In Deutschland sieht das anders aus. In Berlin, Köln, Hamburg und Freiburg gehen jeweils mehrere Tausend Menschen gemeinsam auf die Straße – mit Mundschutz und Abstand. Wenn es vor der Bühne doch mal zu eng wird, sind sofort Ordner in Warnwesten zur Stelle. Wie viele Menschen in Berlin zu Fuß oder im Zuge der Fahrraddemos vors Brandenburger Tor gekommen sind, ist am Ende auch egal. "Wir sind fucking viele Menschen", rufen die Organisatoren irgendwann durchs Mikro. Und damit haben sie in jedem Fall recht.
Ein reiner Schülerprotest sind die Demos von Fridays for Future schon lange nicht mehr. Zwei Jahre, nachdem die ersten Schülerinnen und Schüler mit selbstgemalten Schildern auf die Straße zogen – und dafür anfangs belächelt wurden – füllen sie die Titelblätter, wenn sie zum globalen Streik aufrufen, die Sprecher rennen hin und her zwischen Mikrofonen und Fernsehkameras. Kirchliche Initiativen, Umweltverbände, Gewerkschaften, Wissenschaftler und Parteien schließen sich ihren Aktionen an. Viele von ihnen haben ebenfalls zum Klimastreik aufgerufen.
"Durch Corona hat sich alles verändert", findet Romy Lagodka, die mit drei Freunden auf der Demo ist. "Klimaschutz, Amazonas, Frauenrechte, Rassismus, es ist alles miteinander verknüpft." Man könnte jetzt sauer sein auf die vorausgegangenen Generationen, die zu wenig für den Klimaschutz getan haben, sagt die 25-Jährige. "Oder wir arbeiten jetzt zusammen mit den Organisationen, die schon seit Jahrzehnten mehr oder weniger für die gleichen Dinge kämpfen."
Trotzdem ist der globale Klimastreik vor allem eines: sehr jung. Noch immer dominieren Plakate wie "Die Klimakrise wartet nicht bis nach dem Abi", oder solche, die einen schnellen Kohleausstieg oder eine CO2-Krise fordern.

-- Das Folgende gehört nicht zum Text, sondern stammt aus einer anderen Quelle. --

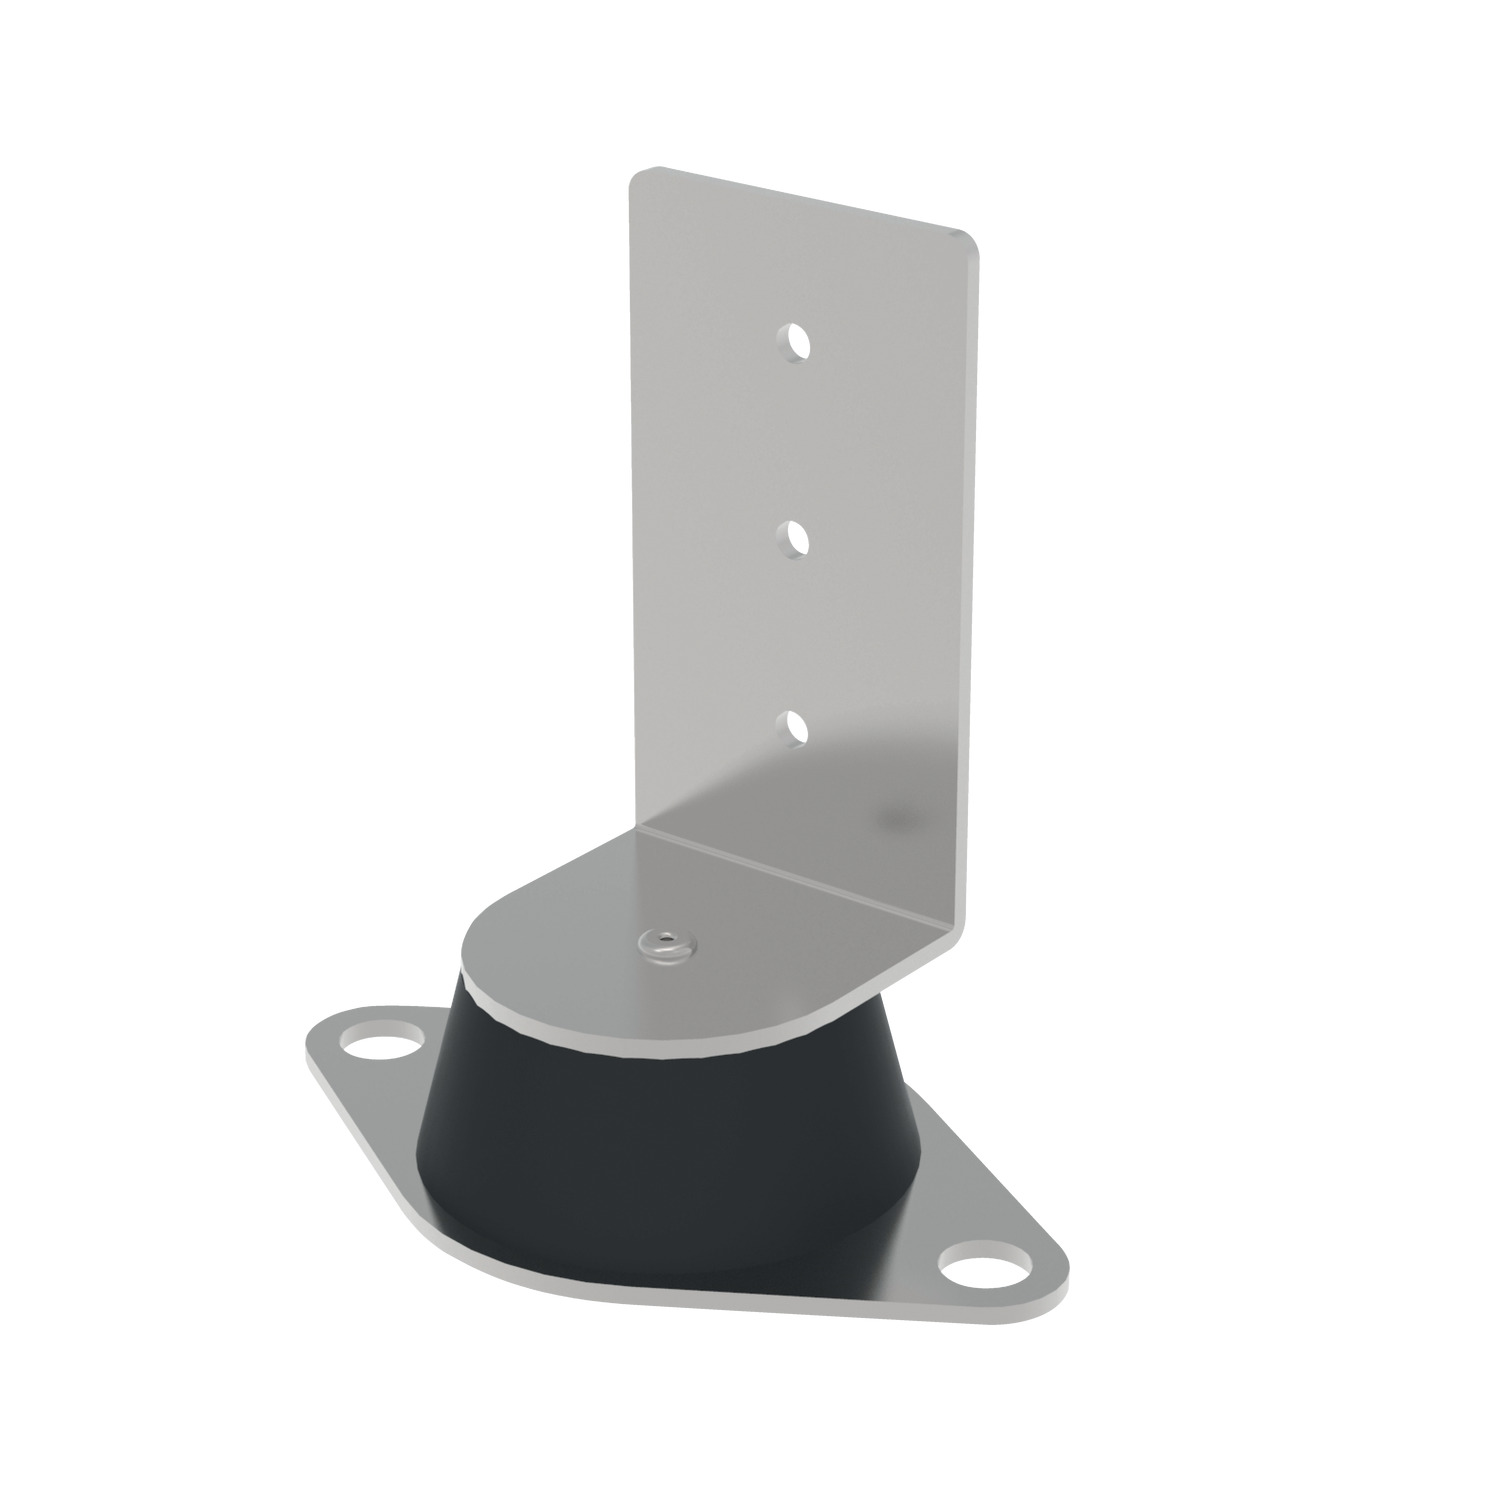 P2556 Acoustic Wall Damper right angle fixing

Aber auch die Fahnen von Organisationen wie Amnesty International flattern im Herbstwind. Alena Dietl hält eine davon in der Hand. "Die Klimakrise ist die größte Menschenrechtskrise", sagt die Amnesty-Jugendsprecherin. "So viele Menschenrechte sind davon bedroht: das Recht auf Wohnen, das Recht auf Gesundheit, das Recht auf Leben." Logische Konsequenz für eine Menschenrechtsorganisation also, sich nicht nur gegen die Todesstrafe zu engagieren. Sondern auch dafür, dass Hitzewellen, Dürreperioden und Überflutungen nicht Lebensgrundlage und Zuhause zerstören.
Für Fridays for Future heißt es jetzt: Den Corona-Schwung mitnehmen. "Die Pandemie hat uns gezeigt, dass die Wissenschaft ernst genommen und auf die Menschen und die Wirtschaft gehört werden kann", sagt Quang Paasch. "Das hat uns die Hoffnung gegeben, dass es möglich ist, endlich all die Bereiche zusammenzudenken: Politik, Wirtschaft, Zivilgesellschaft. Für die Klimakrise gilt auch: alle zusammen, alle solidarisch."
Am besten fasst es wohl das Plakat zusammen, das schon seit Längerem auf jeder Fridays-for-Future-Demo vertreten ist – es zeigt die Worte: "Fight every crisis".